The adequacy of the sphincterotomy depends on why it is being performed (i.e. to remove stones, etc.). Some general tips are:

• The length of the incision depends on the diameter of the bile duct, the length of the infundibulum and the size of the stones (if you are removing stones). When the size of the stones is bigger than the maximum potential diameter of the sphincterotomy, you can dilate the sphincterotomy to 15 mm (see section 7 below).

• After performing a sphincterotomy, check fluoroscopy to see if contrast is draining from the duct or if there is a rapid drainage of bile. If it is not, you may need to extend the sphincterotomy.

• Look for the loss of the sphincter on fluoroscopy. The sphincter is seen as a smooth tapering of the distal CBD, and is lost following sphincterotomy.

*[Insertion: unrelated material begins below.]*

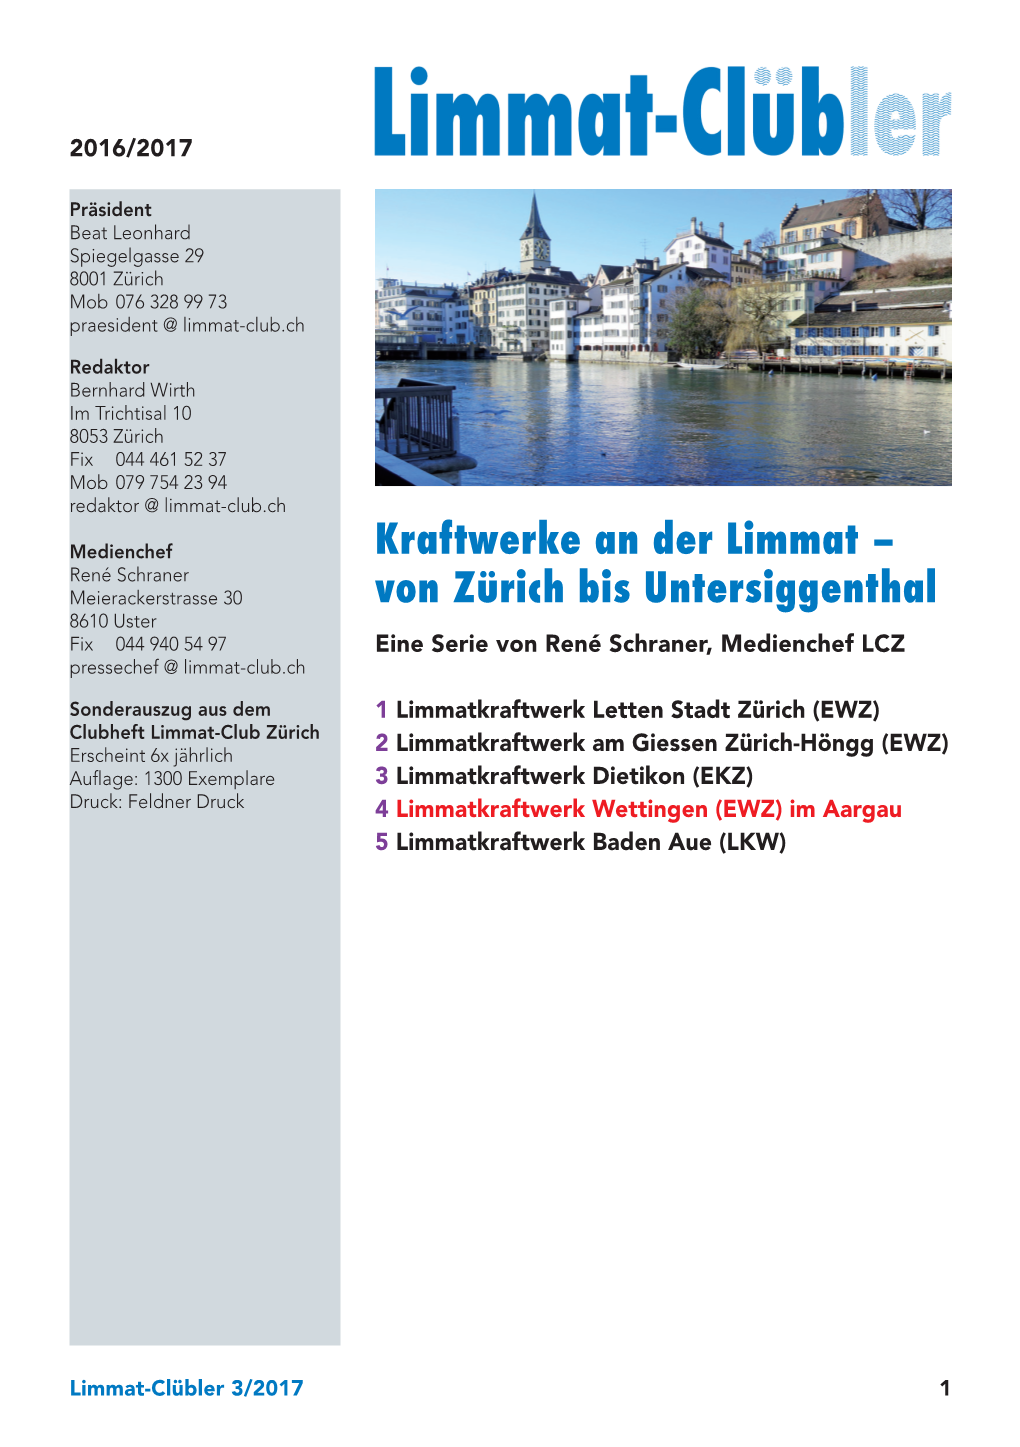 Kraftwerke an Der Limmat – Von Zürich Bis Untersiggenthal 4 Das Limmatkraftwerk Wettingen (EWZ) Im Aargau Das Grösste Und Stärkste Kraftwerk an Der Limmat

• Check the size of the sphincterotomy by seeing if it will allow a fully bowed sphincterotome through.

Figure 5 Wire position is critical to successful sphincterotomy. (A) Sphincterotome introduced too deeply into the bile duct; the current leaks away without cutting, with the resulting risk of rough cutting with hemorrhage and perforation. (B) Sphincterotome in the correct position.

Figure 6 The size of the sphincterotomy can be affected by the type of infundibulum.

4 Special situations

4.1 Sphincterotomy in patients with a gastroenteric anastomosis (Billroth II/Whipple)

In patients with a gastroenteric anastomosis, the papilla is accessed through the afferent loop. As the papilla is approached through the afferent loop, the anatomy is reversed with the bile duct between 5 and 6 o’clock. Sphincterotomy is difficult to perform but extraction of stones is, by contrast, easier because it is done along the axis of the bile duct.

Techniques

• The standard technique described above can be used (Fig. 7), however caution must be used as the sphincterotome tends to cut in the direction of the pancreas (Fig. 8). Sphincterotomy should be performed towards the 5–6 o’clock position (Fig. 9), i.e. THE OPPOSITE OF NORMAL.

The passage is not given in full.